§ **WHAT TO PRODUCE**
Give the records again in full, exactly as they are.

§ **EXERCISE DATA**
※

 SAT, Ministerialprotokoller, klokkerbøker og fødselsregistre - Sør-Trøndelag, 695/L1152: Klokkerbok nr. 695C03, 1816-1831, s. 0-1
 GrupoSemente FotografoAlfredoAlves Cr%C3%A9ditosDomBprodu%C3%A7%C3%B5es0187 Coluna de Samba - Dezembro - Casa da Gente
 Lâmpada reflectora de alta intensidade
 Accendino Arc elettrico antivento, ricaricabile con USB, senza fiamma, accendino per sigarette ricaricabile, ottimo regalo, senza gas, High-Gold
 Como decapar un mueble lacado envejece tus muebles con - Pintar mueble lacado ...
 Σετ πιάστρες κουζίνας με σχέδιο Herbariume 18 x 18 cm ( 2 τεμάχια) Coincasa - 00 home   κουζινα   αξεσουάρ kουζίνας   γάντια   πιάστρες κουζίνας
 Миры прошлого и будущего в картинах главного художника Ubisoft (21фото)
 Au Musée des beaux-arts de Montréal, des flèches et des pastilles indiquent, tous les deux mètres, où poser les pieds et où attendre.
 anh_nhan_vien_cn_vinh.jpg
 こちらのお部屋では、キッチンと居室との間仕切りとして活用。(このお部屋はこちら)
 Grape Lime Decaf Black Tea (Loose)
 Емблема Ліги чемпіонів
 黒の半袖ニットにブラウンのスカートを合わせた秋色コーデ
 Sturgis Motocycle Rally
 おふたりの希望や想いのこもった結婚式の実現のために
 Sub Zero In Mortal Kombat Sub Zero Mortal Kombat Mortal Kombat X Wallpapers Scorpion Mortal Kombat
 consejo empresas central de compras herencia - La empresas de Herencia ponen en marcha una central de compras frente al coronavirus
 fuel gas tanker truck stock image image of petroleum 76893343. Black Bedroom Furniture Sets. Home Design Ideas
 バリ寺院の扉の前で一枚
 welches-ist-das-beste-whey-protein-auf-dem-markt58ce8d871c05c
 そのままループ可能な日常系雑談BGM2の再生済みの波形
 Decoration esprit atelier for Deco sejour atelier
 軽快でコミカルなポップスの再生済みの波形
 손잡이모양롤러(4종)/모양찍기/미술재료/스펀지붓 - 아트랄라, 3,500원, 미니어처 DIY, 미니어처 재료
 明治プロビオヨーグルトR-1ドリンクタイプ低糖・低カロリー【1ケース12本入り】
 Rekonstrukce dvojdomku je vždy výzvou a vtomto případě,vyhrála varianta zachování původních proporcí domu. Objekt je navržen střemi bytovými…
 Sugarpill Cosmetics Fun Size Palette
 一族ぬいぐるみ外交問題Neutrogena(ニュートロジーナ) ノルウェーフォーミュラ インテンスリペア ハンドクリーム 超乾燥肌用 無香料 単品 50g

※

§ **RESULT OF THIS EXERCISE**
 SAT, Ministerialprotokoller, klokkerbøker og fødselsregistre - Sør-Trøndelag, 695/L1152: Klokkerbok nr. 695C03, 1816-1831, s. 0-1
 GrupoSemente FotografoAlfredoAlves Cr%C3%A9ditosDomBprodu%C3%A7%C3%B5es0187 Coluna de Samba - Dezembro - Casa da Gente
 Lâmpada reflectora de alta intensidade
 Accendino Arc elettrico antivento, ricaricabile con USB, senza fiamma, accendino per sigarette ricaricabile, ottimo regalo, senza gas, High-Gold
 Como decapar un mueble lacado envejece tus muebles con - Pintar mueble lacado ...
 Σετ πιάστρες κουζίνας με σχέδιο Herbariume 18 x 18 cm ( 2 τεμάχια) Coincasa - 00 home   κουζινα   αξεσουάρ kουζίνας   γάντια   πιάστρες κουζίνας
 Миры прошлого и будущего в картинах главного художника Ubisoft (21фото)
 Au Musée des beaux-arts de Montréal, des flèches et des pastilles indiquent, tous les deux mètres, où poser les pieds et où attendre.
 anh_nhan_vien_cn_vinh.jpg
 こちらのお部屋では、キッチンと居室との間仕切りとして活用。(このお部屋はこちら)
 Grape Lime Decaf Black Tea (Loose)
 Емблема Ліги чемпіонів
 黒の半袖ニットにブラウンのスカートを合わせた秋色コーデ
 Sturgis Motocycle Rally
 おふたりの希望や想いのこもった結婚式の実現のために
 Sub Zero In Mortal Kombat Sub Zero Mortal Kombat Mortal Kombat X Wallpapers Scorpion Mortal Kombat
 consejo empresas central de compras herencia - La empresas de Herencia ponen en marcha una central de compras frente al coronavirus
 fuel gas tanker truck stock image image of petroleum 76893343. Black Bedroom Furniture Sets. Home Design Ideas
 バリ寺院の扉の前で一枚
 welches-ist-das-beste-whey-protein-auf-dem-markt58ce8d871c05c
 そのままループ可能な日常系雑談BGM2の再生済みの波形
 Decoration esprit atelier for Deco sejour atelier
 軽快でコミカルなポップスの再生済みの波形
 손잡이모양롤러(4종)/모양찍기/미술재료/스펀지붓 - 아트랄라, 3,500원, 미니어처 DIY, 미니어처 재료
 明治プロビオヨーグルトR-1ドリンクタイプ低糖・低カロリー【1ケース12本入り】
 Rekonstrukce dvojdomku je vždy výzvou a vtomto případě,vyhrála varianta zachování původních proporcí domu. Objekt je navržen střemi bytovými…
 Sugarpill Cosmetics Fun Size Palette
 一族ぬいぐるみ外交問題Neutrogena(ニュートロジーナ) ノルウェーフォーミュラ インテンスリペア ハンドクリーム 超乾燥肌用 無香料 単品 50g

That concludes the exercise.